Consider Lease Terms
Reiches also notes how important it is to “read the fine print” when signing a lease and look into the opt-out clause. If you aren’t sure how long you’ll be able to stay in a place, ask about the penalty of leaving early and try to negotiate a clause so that you won’t end up paying super high fees. Another part of thinking about the future involves considering the savings you’ll have later on. If you chip into your savings to splurge on a dream apartment, it may make you happy now, but may not set you up for as comfortable of a lifestyle down the line. Lastly, consider situations like splitting rent with potential roommates (and how long they plan to stay) when thinking about your future costs. For example, would you be able to afford rent if they left, and it took you three months to find a new one?
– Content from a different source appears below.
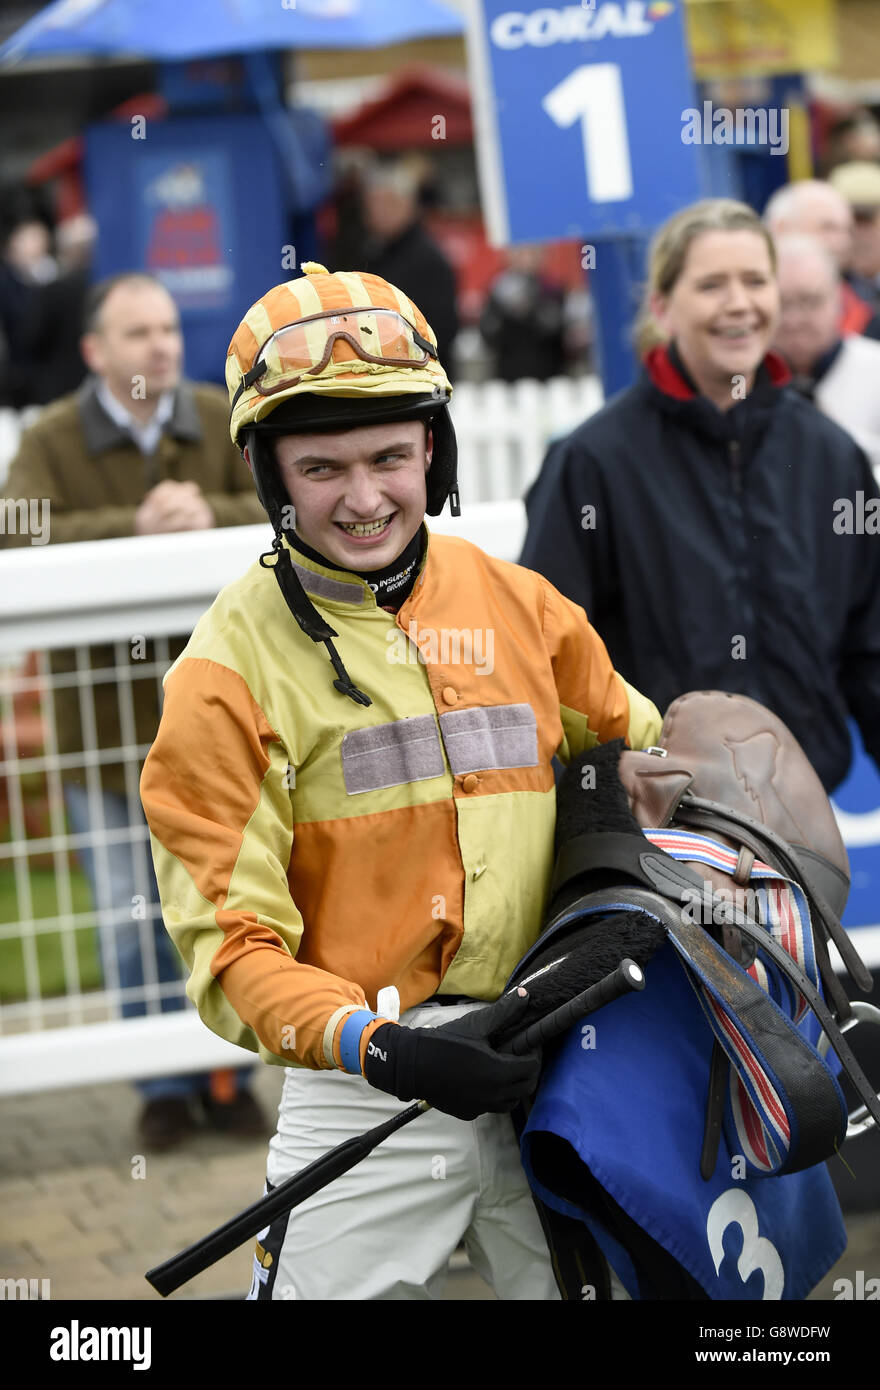 Jockey Sean Bowen after winning the coral.co.uk Mares' Handicap Hurdle Race on Ron's Dream during Ladies Day of the Coral Scottish Grand National Festival at Ayr Racecourse. Stock Photo

Also, not everyone is going to be completely transparent about how they’re paying their rent. “A lot of people get financial support from their parents, especially young people,” Lewis says. “So if you’re like me and you had to pay your own way, you might wonder what your friends are doing right and what you’re doing wrong, and you might not be doing anything wrong. Your friends might just be getting a few hundred bucks every month to subsidize their rent and give them some more financial breathing room.” While there’s nothing wrong with either situation, it proves the importance of creating an individualized rent budget based on your own life, not anyone else’s.